# [Task to complete]
For the material below, return exactly the lines starting at the line containing "دستبندهاي بافت با" and ending at the line containing "ParkMobile Company Logo", both ends included, and no others.

Start of Dataset records

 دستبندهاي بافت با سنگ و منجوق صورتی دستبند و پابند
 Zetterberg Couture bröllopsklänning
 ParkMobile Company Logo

End of Dataset records
Start of Dataset records

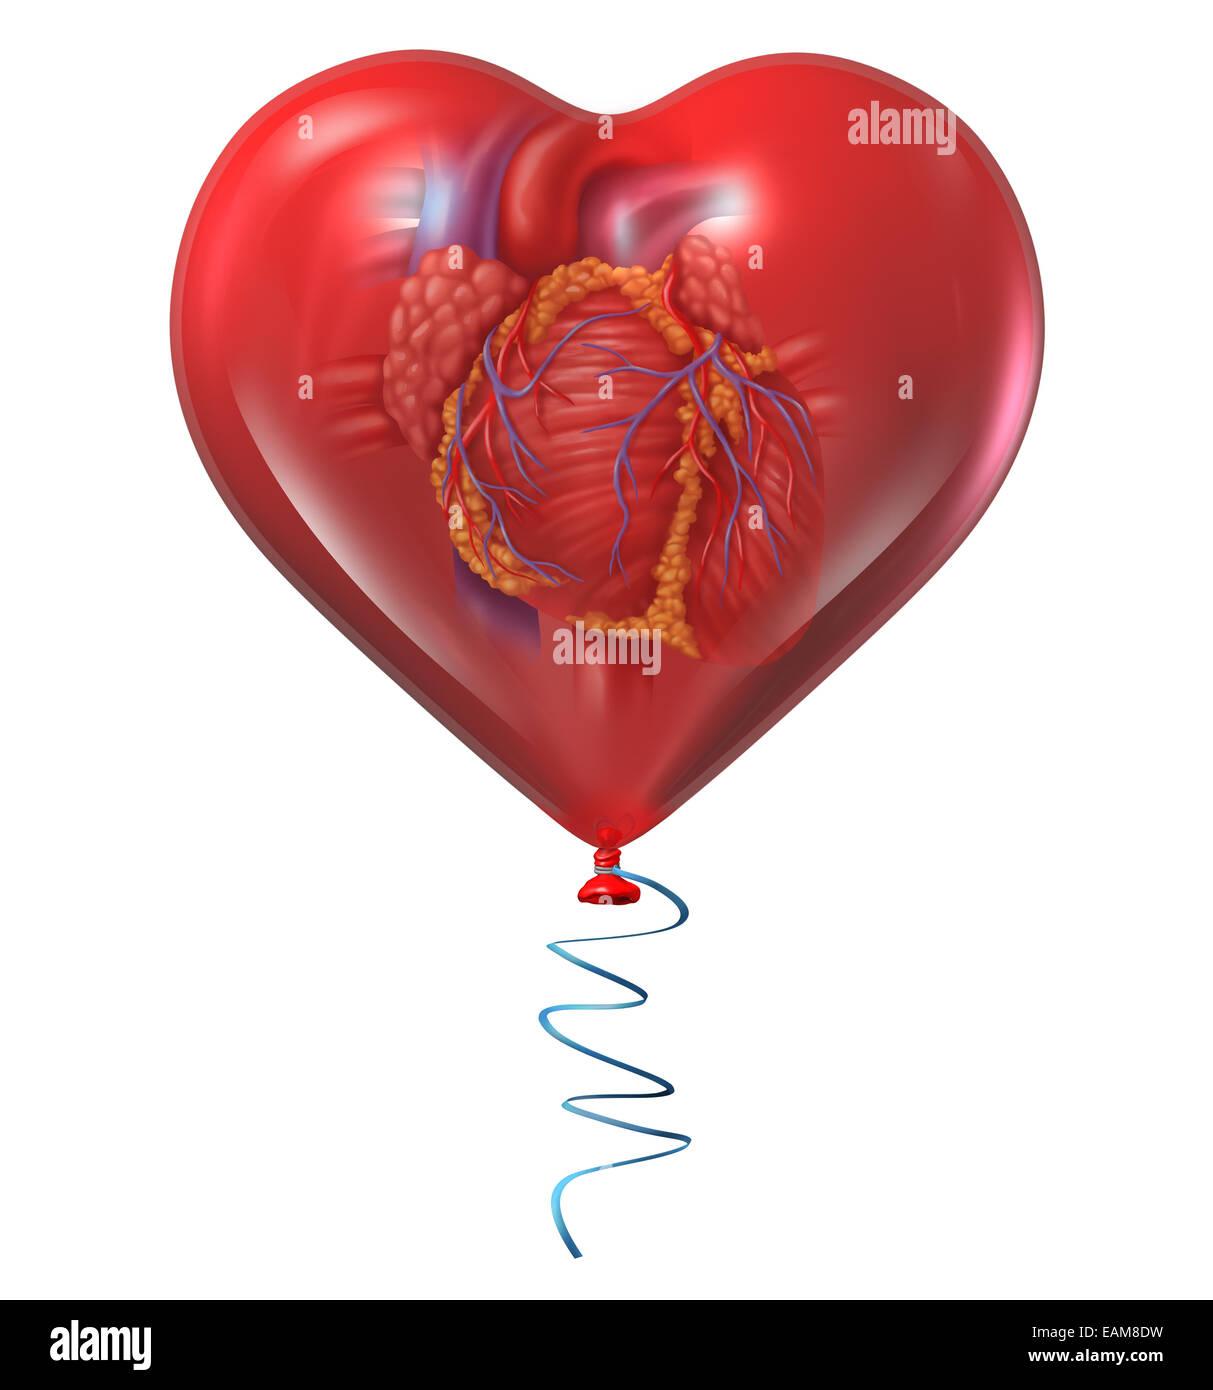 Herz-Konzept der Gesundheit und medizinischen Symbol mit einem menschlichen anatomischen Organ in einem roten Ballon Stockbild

End of Dataset records

# [Task output]
 دستبندهاي بافت با سنگ و منجوق صورتی دستبند و پابند
 Zetterberg Couture bröllopsklänning
 ParkMobile Company Logo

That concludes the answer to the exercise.